South African National Blood Service
- Abbreviation: SANBS
- Formation: 2001; 25 years ago
- Headquarters: 1 Constantia Blvd
- Location: Roodepoort, South Africa;
- Coordinates: 26°09′17″S 27°55′27″E﻿ / ﻿26.1548°S 27.9243°E
- Website: https://sanbs.org.za/

= South African National Blood Service =

Non-profit organization

The South African National Blood Service (SANBS) is a non-profit organization that provides human blood for transfusion that operates in South Africa, with the exception of the Western Cape, which has its own blood service. The head office of the SANBS is in Constantia Kloof, Gauteng, near Johannesburg, but there are blood collection operations in eight of the nine provinces. Western Cape has a separate blood centre, the Western Cape Blood Service. SANBS was founded in 2001 from a merger of seven blood centres, and was embroiled in controversy in 2004 over a policy of racial profiling for blood safety.

The SANBS appointed Dr. Jonathan Louw as its CEO in January 2018.

Dr Louw founded Healthwyse Consulting and prior to this, he was MD at the Abraaj Group (a Dubai-based private equity investment company). Louw was at JSE-Listed Adcock Ingram and Tiger brands from 2001 to 2014, serving in a variety of capacities from New Business Development, MD of Pharmaceuticals (2003 to 2006) and then Chief Executive at Adcock Ingram (2006 to 2014). He has an MB.ChB (1993) and an MBA (1999), both from the University of Cape Town.

Dr Louw was succeeded by Ravi Reddy in January 2021.

==Blood donation==

SANBS collects blood from volunteer unpaid donors and processes that blood into components for transfusion. The donors are screened for health risks and tested for diseases on every donation. Not all parts of the donated blood are always used, such as with first time donors, to establish a history of negative test results in the donor before the blood is used in patients. The red blood cells from the first donation are discarded because they cannot be stored long enough to wait for a second donation and a second set of testing, but the blood plasma can be frozen and used.

SANBS relies on donors that return consistently, as the history of testing makes it less likely to miss a positive result from a laboratory error or from a donation in the window period. Testing has included nucleic acid testing (NAT) since 2005, which directly detects the virus instead of waiting for the body to develop an antibody. This test shortens but does not eliminate the window period. SANBS performs NAT testing for each individual donor, instead of in pools. NAT testing is expensive, and blood banks in many countries, such as Canada, perform the testing on pooled donor samples. The individual testing is more sensitive to window period donations. The testing is performed at central laboratories in Johannesburg and Durban.

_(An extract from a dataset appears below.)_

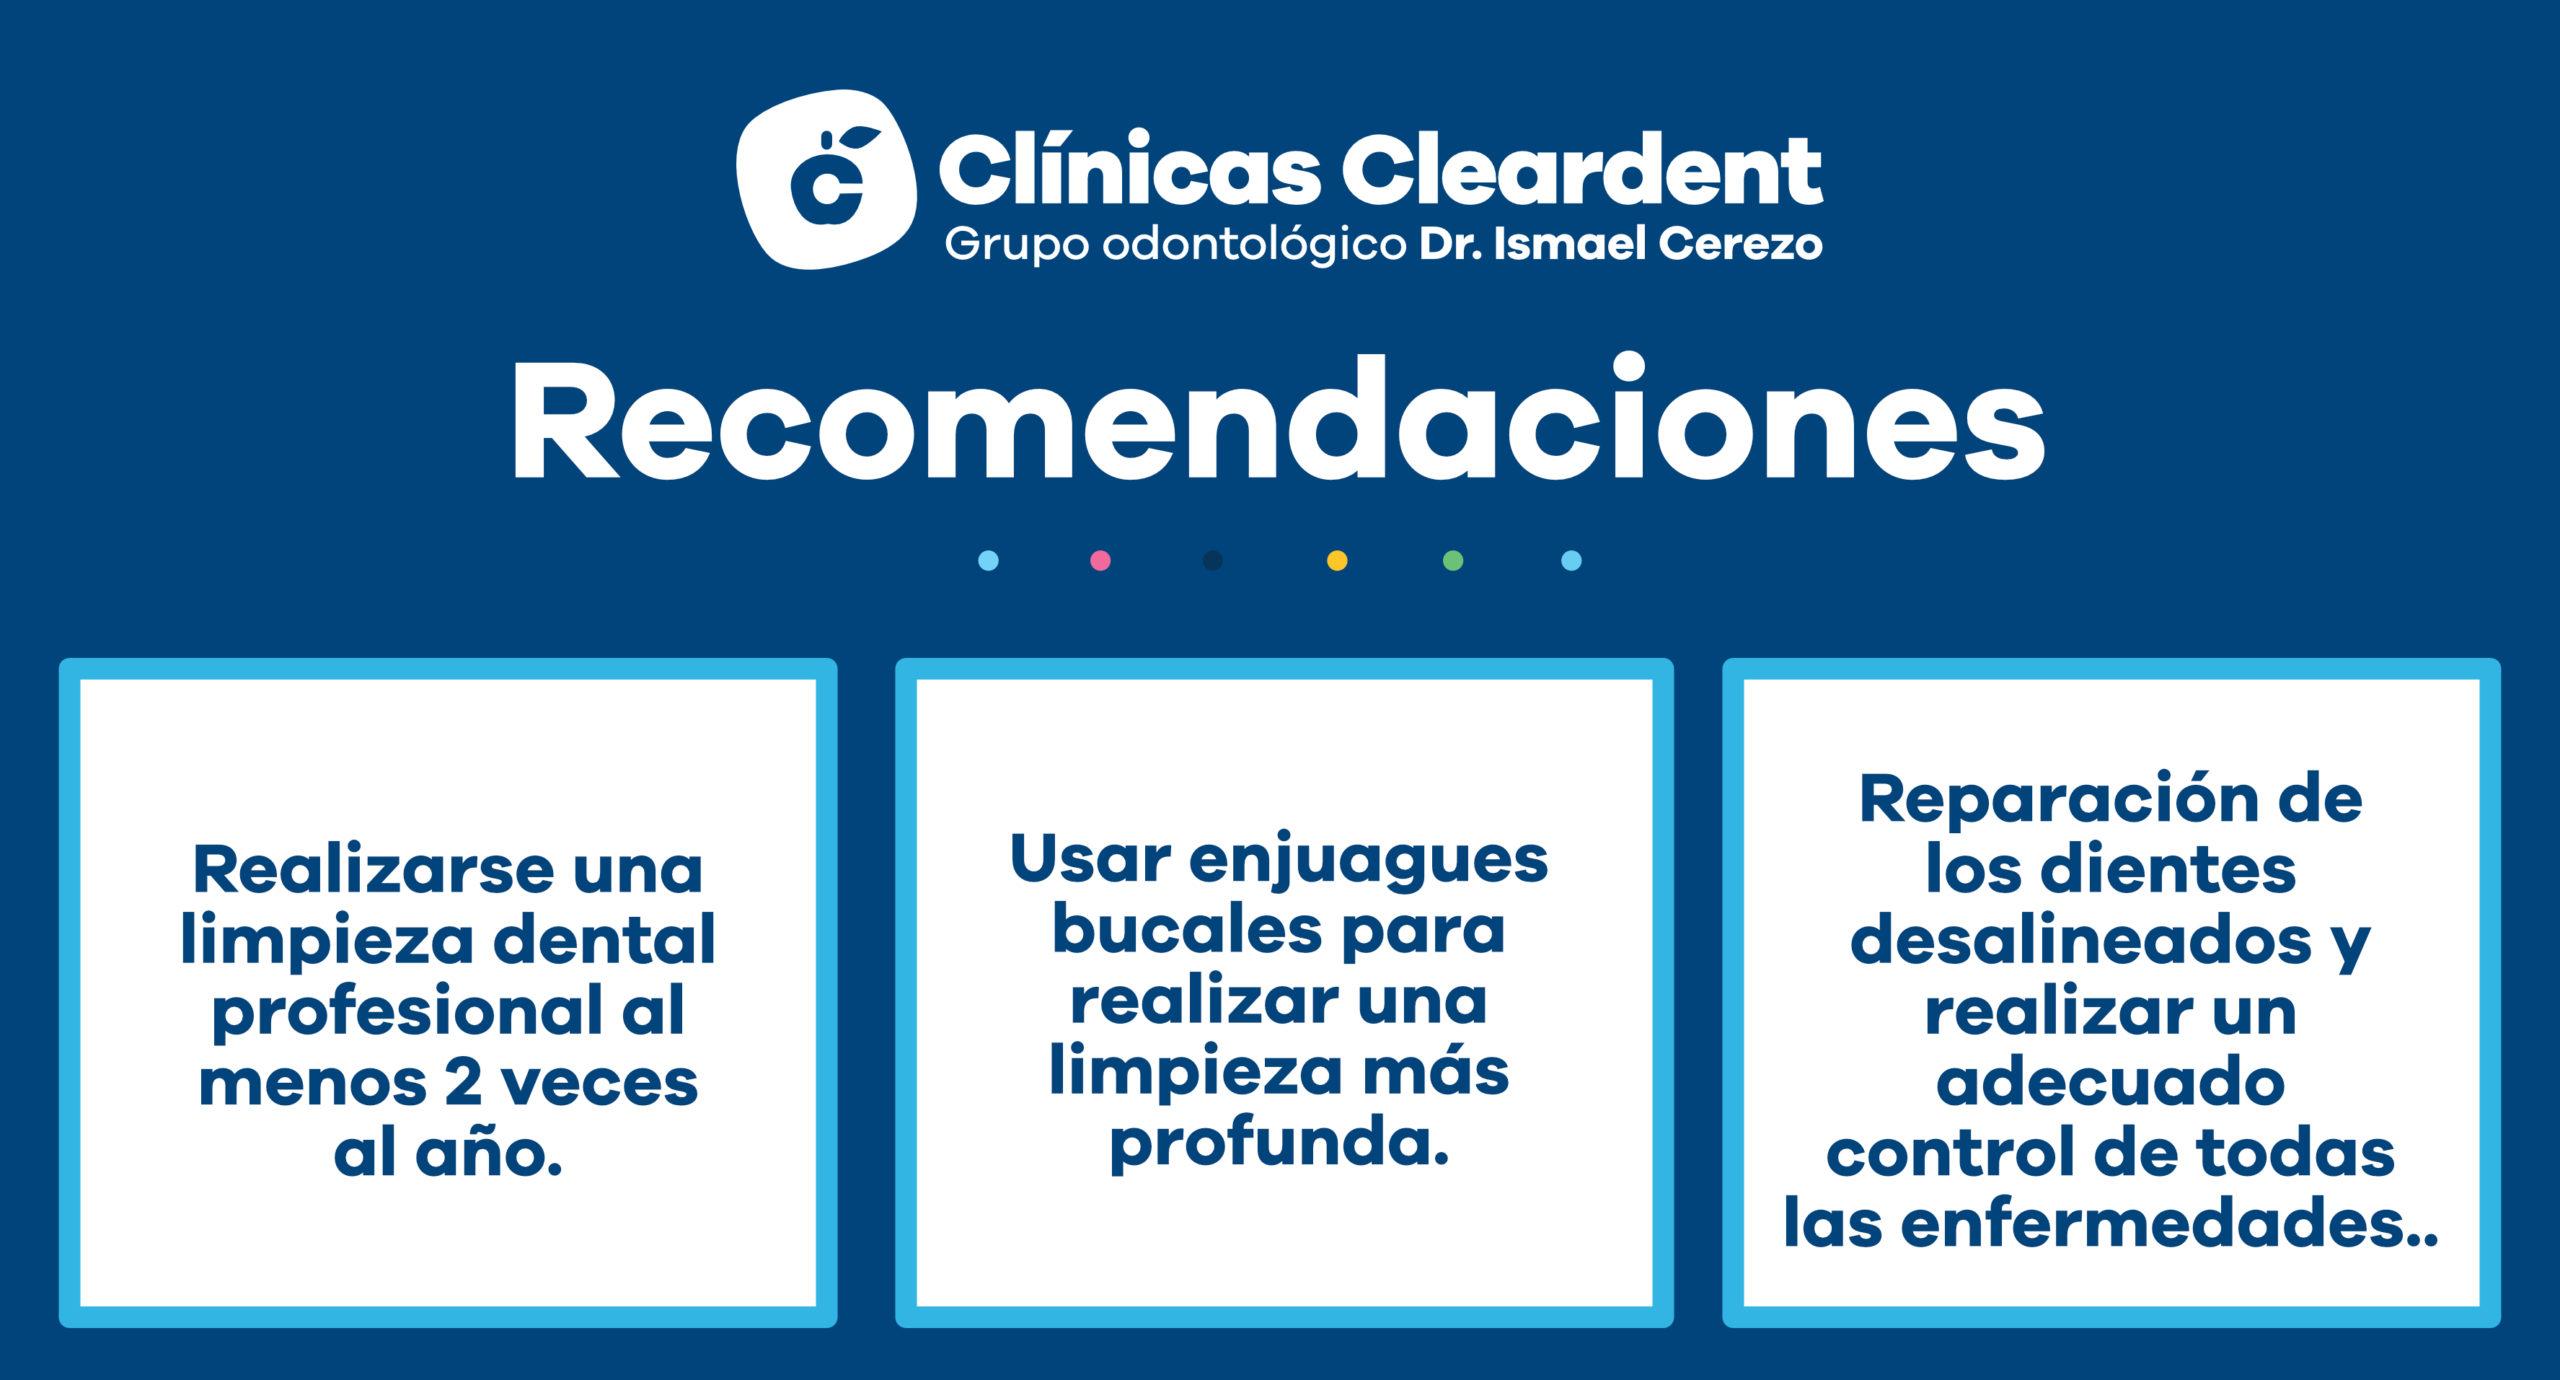 Infografía con recomendaciones para evitar la gingivitis.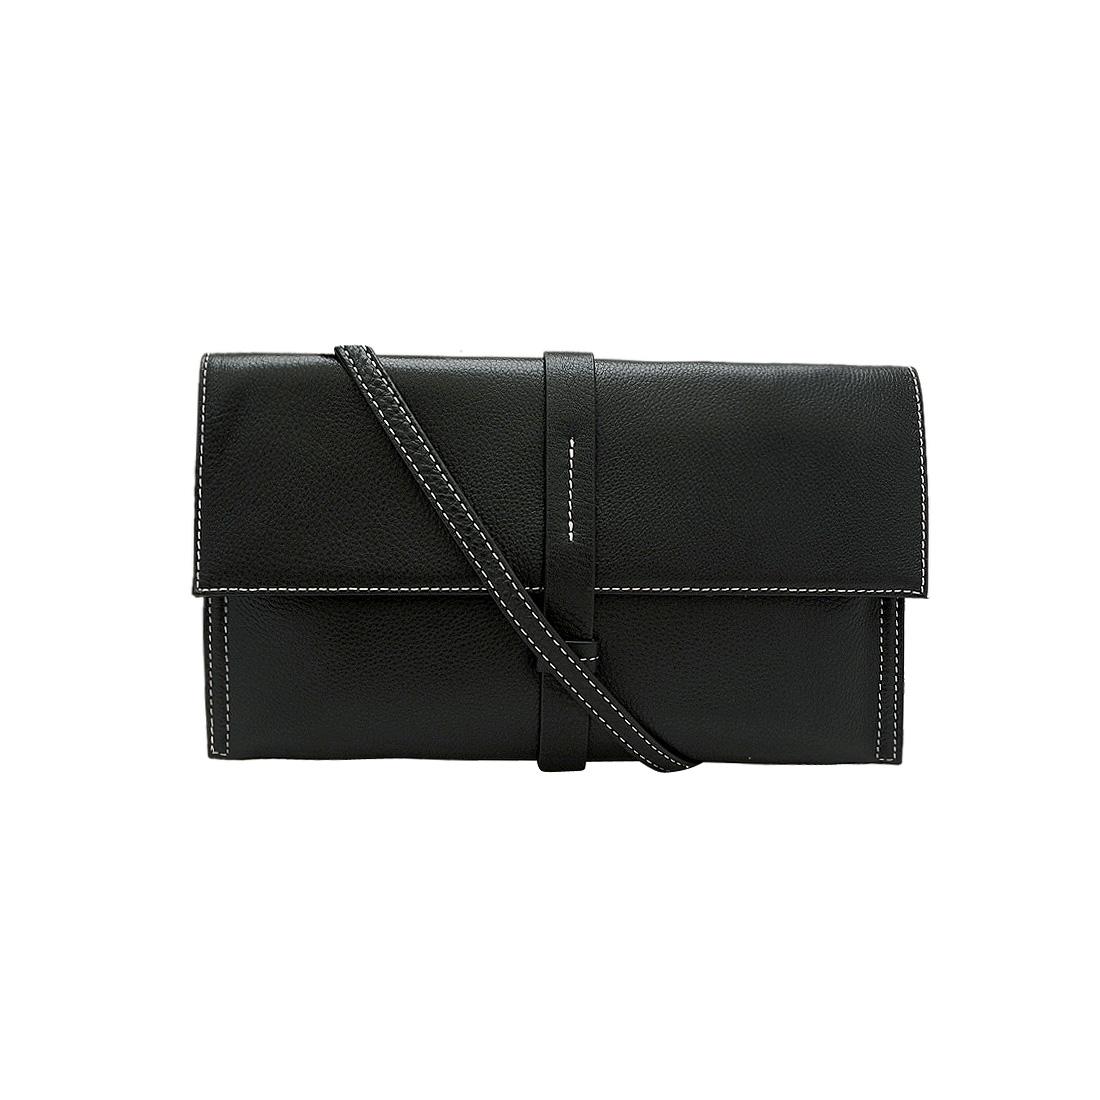 Túi đeo chéo nữ da bò thật cao cấp màu  đen ET265

Whole blood is collected to make packed red blood cells and plasma for transfusion. Plasma and platelets for transfusion are also collected by automated plateletpheresis. Collections take place at fixed sites, but SANBS also collects blood on mobile blood drives at community locations such as shopping centres. The blood is then processed into components at seven processing locations throughout South Africa. During 2008, SANBS collected 718,962 donations of Whole Blood and 11,657 donations of apheresis platelets.

==Other services==

SANBS also provides blood-related laboratory services such as paternity testing and the HLA typing of bone marrow donors, though the actual bone marrow donations are handled by the Sunflower Fund, a separate organisation. The organisation also prepares an annual haemovigilance report on transfusion complications, conducts research, and provides clinical training.

==History==
The organisation was founded in 2001 from the merging of seven independent blood banks.

==Criticism==
The organisation came under fire in 2004 when it was revealed that they used the race of a donor as a consideration in determining disease risk. SANBS stated that the profiling was necessary to reduce the risk of transmission of human immunodeficiency virus (HIV), citing World Health Organization policy for not collecting blood from high risk groups. Health minister Manto Tshabalala-Msimang raised concerns that the policy was racist. SANBS changed the policy later that week. Dr. Loyiso Mpuntsha, a black woman who was once rejected as a blood donor, was the SANBS CEO until March 2015.

Previously, the SANBS also excluded homosexual males who have had sex with another male within five years, as the SANBS saw them as high risk carriers of HIV/AIDS. After an outcry, this ruling was changed in 2006 to allow homosexual men to donate, provided that they have been celibate for at least six months. This policy was amended in 2014 to allow all sexes and orientations to donate, provided that they have been either celibate or in monogamous relationships for the previous six months.